My mother was placid when sober, furious when drunk. The furious mother made by far the deeper impression: when she yelled that she hated me, hated us kids, hated my father, wished she'd never married him or had us, I believed her. She was unhappy and isolated as well as angry; hers was not a life I wanted, but I half feared that it was contagious. The obvious alternative was to identify with my father and take his side, which I did. When I read The Feminine Mystique I was well on the way to becoming a queen bee, the kind of woman who brags that all her friends are men and claims that women aren't very interesting. Betty Friedan's book and the movement it helped catalyze aborted that trajectory and, well, changed my life.
Within a year or so, Friedan spoke at my college.
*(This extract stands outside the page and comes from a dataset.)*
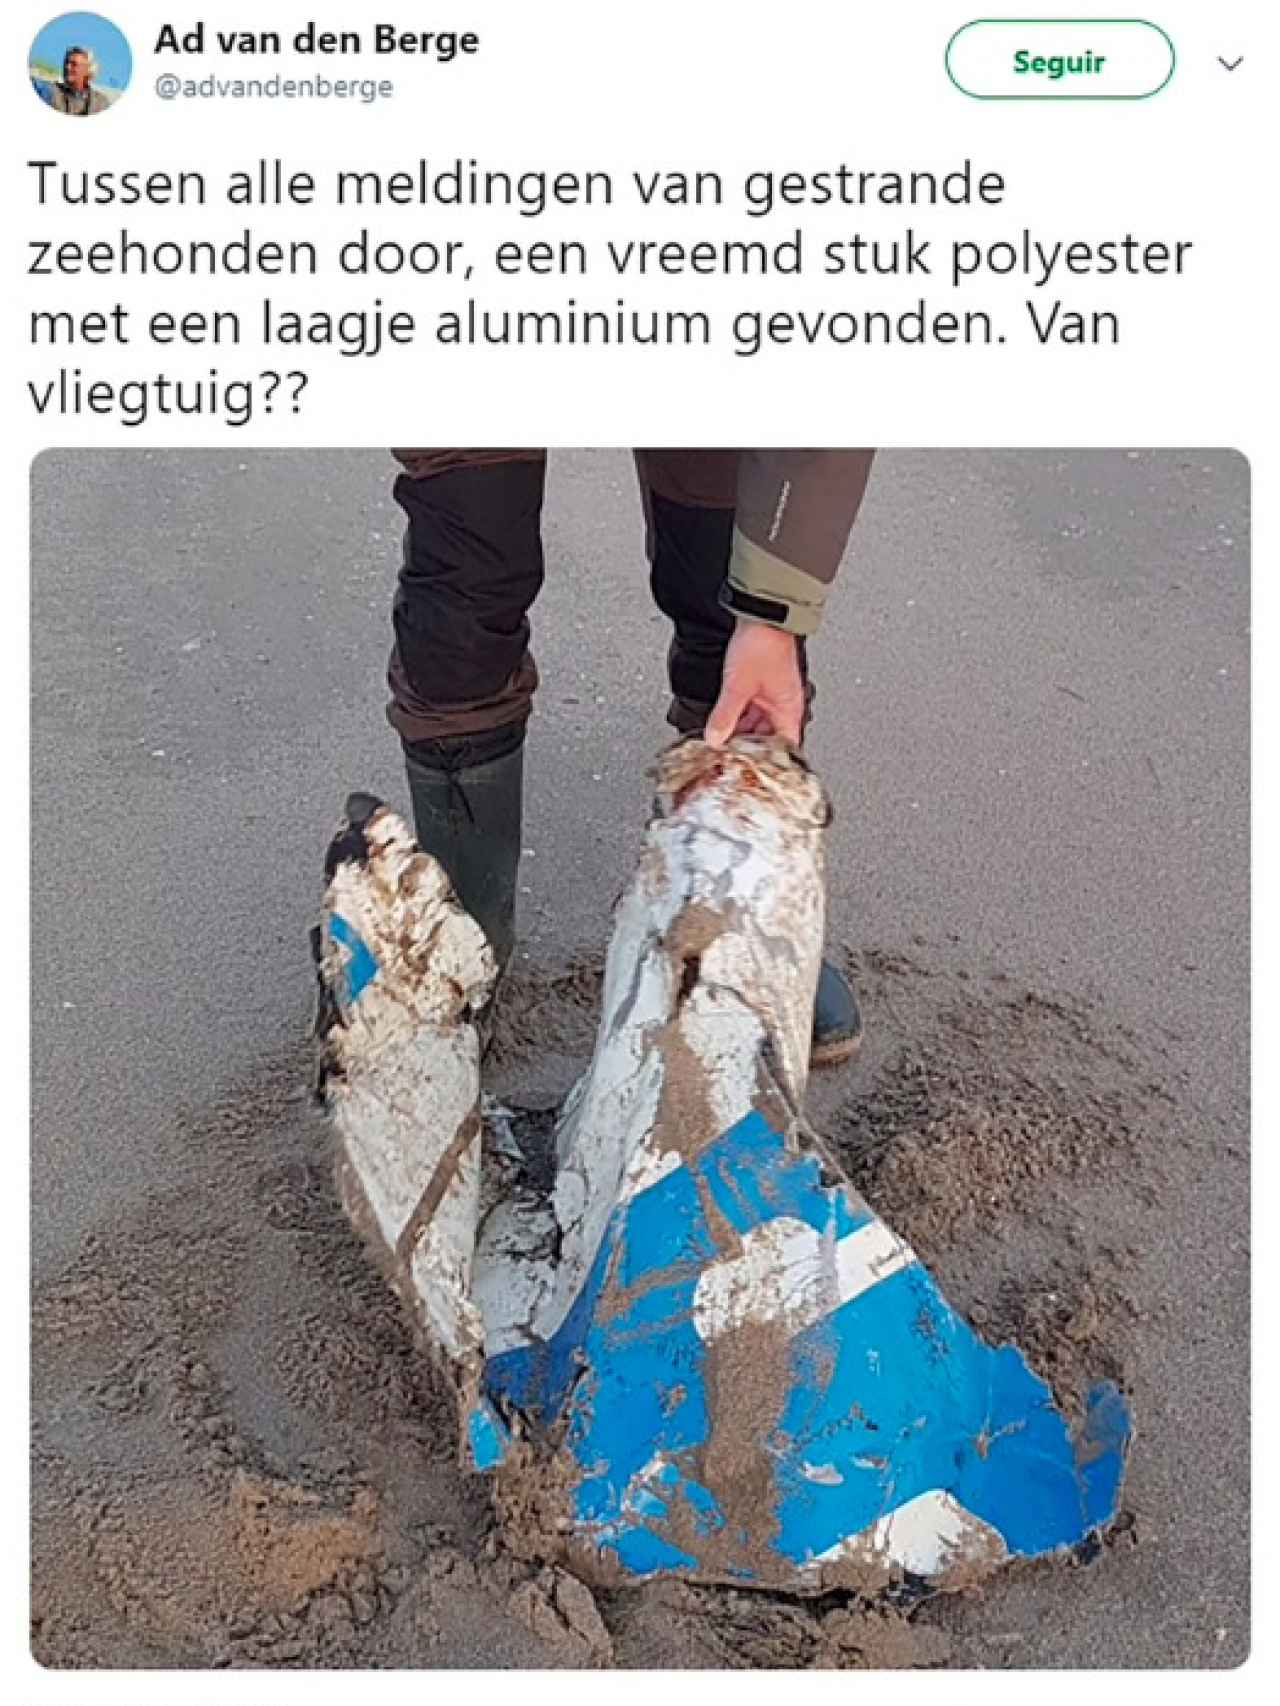 Escombros hallados en Holanda

Of course I went. Every woman I knew went; the hall was packed. I don't remember what she said. She solicited written questions from the audience, and mine was one of those she read aloud and answered, but I don't remember what it was. What I remember most clearly is what she didn't say, and the question I didn't have the nerve to ask. The unprettified version went something like this: Ms. Friedan, you are not physically attractive. Neither am I. Many men in this society consider unsightly women fair game for public harassment and humiliation. I'm barely out of my teens and already I know this. You're a generation older -- you must have run into it a time or two. So why in your speech have you gone out of your way to portray yourself as popular with and attractive to men?
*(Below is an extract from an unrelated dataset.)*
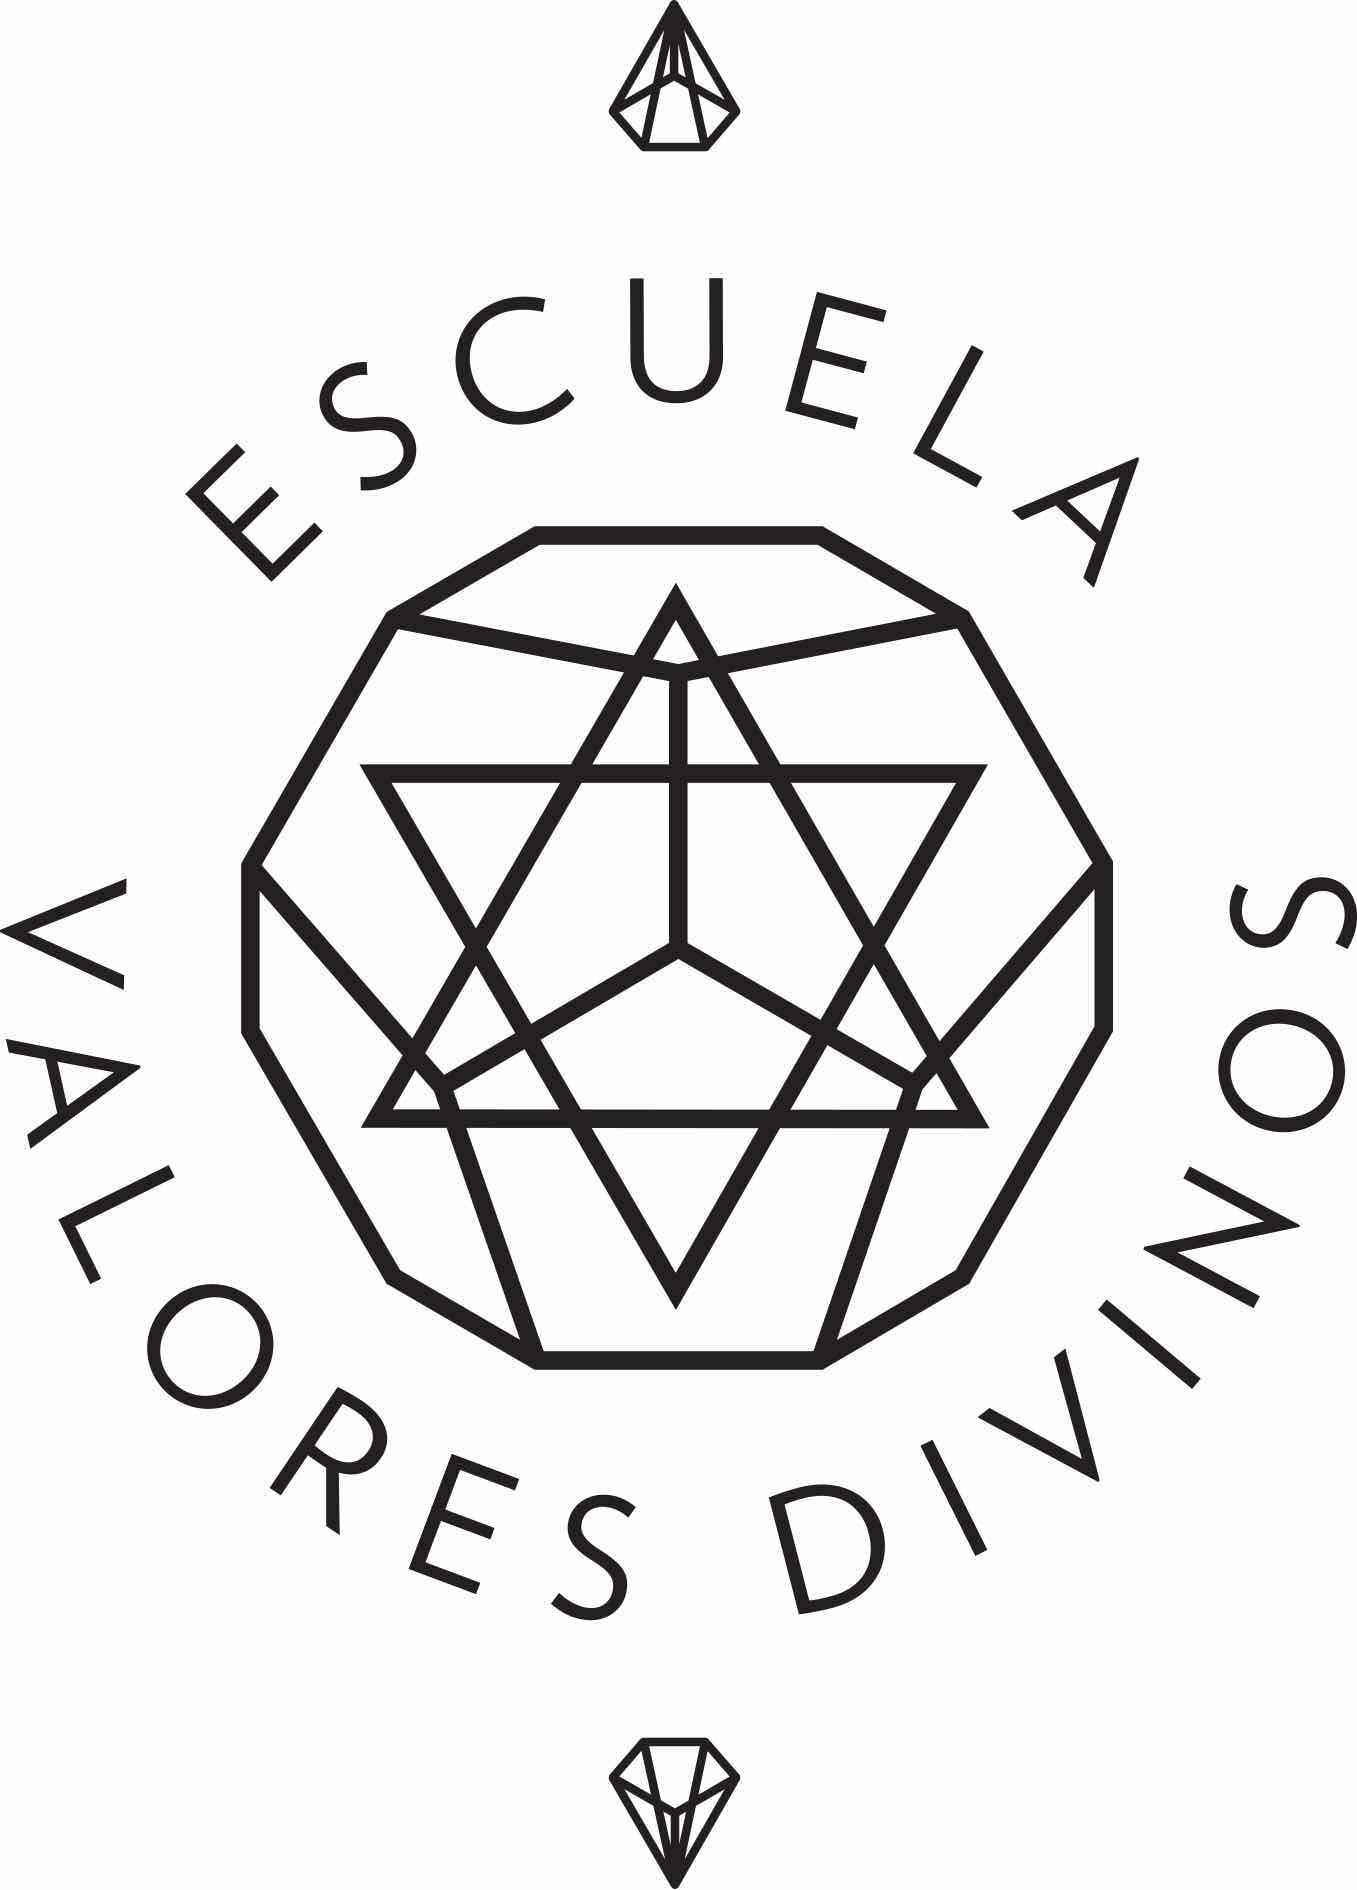 Escuela Valores Divinos (EVD) logo

My first encounter with the fat liberation movement was still a decade away, but still I knew Betty Friedan was holding something back.
As the 1970s rolled on, I kept looking to the women's liberation movement to help explain my life, but my life had moved far beyond the white mommy-daddy suburbs and Friedan's feminism was no longer challenging. In some respects it even looked like part of the problem: Friedan was apparently willing to sell some women, notably lesbians, down the river in order to make feminism less threatening to men and to women who didn't want to look too closely at their own prerogatives and privileges. When her Second Stage was published in 1981, I was the book buyer at Lammas, D.C.'s feminist bookstore. The publisher's sales rep was surprised that I didn't order many copies. Of course the store would stock the book, but it was difficult to muster much enthusiasm for an author whose feminism only included the store's lesbian staff and many lesbian customers if we kept our woman-identification under wraps.
Back then, feminists and lesbians who didn't meet the prevailing standards for physical attractiveness and general docility were continually subjected to variations on "You're just a feminist (or a lesbian) because you can't get a man." (Has this changed??) For years I avoided visible public roles because being fat made me an obvious target for the charge and, I thought, a liability to the movement. Thanks to the fat liberation movement and some stellar and totally unapologetic fat female role models, I gradually started performing my work and doing some public speaking. Time came when I totally recognized You're just a feminist because . . . for what it is: an attempt to keep unruly women in line. I wonder if Betty Friedan ever got to that stage.
Her obit in today's online Washington Post (written by Patricia Sullivan) quoted her as saying in 1993, "It isn't that I have stopped being a feminist, but women as a separate interest group are not my concern anymore." The feminisms that Friedan disparaged, or at the very least did not embrace, recognized early on that women weren't and couldn't be "a separate interest group," and that within category Women exist all the other divides and loyalties encompassed by humankind in general. Feminism is a perspective, a way of looking at the world, a commitment to keep women on the stage, not off in the wings or perpetually in the audience. Did Betty Friedan eventually come to realize that? I don't know. I do know that without The Feminine Mystique I probably wouldn't have set out on my journey to a place where that perspective is possible.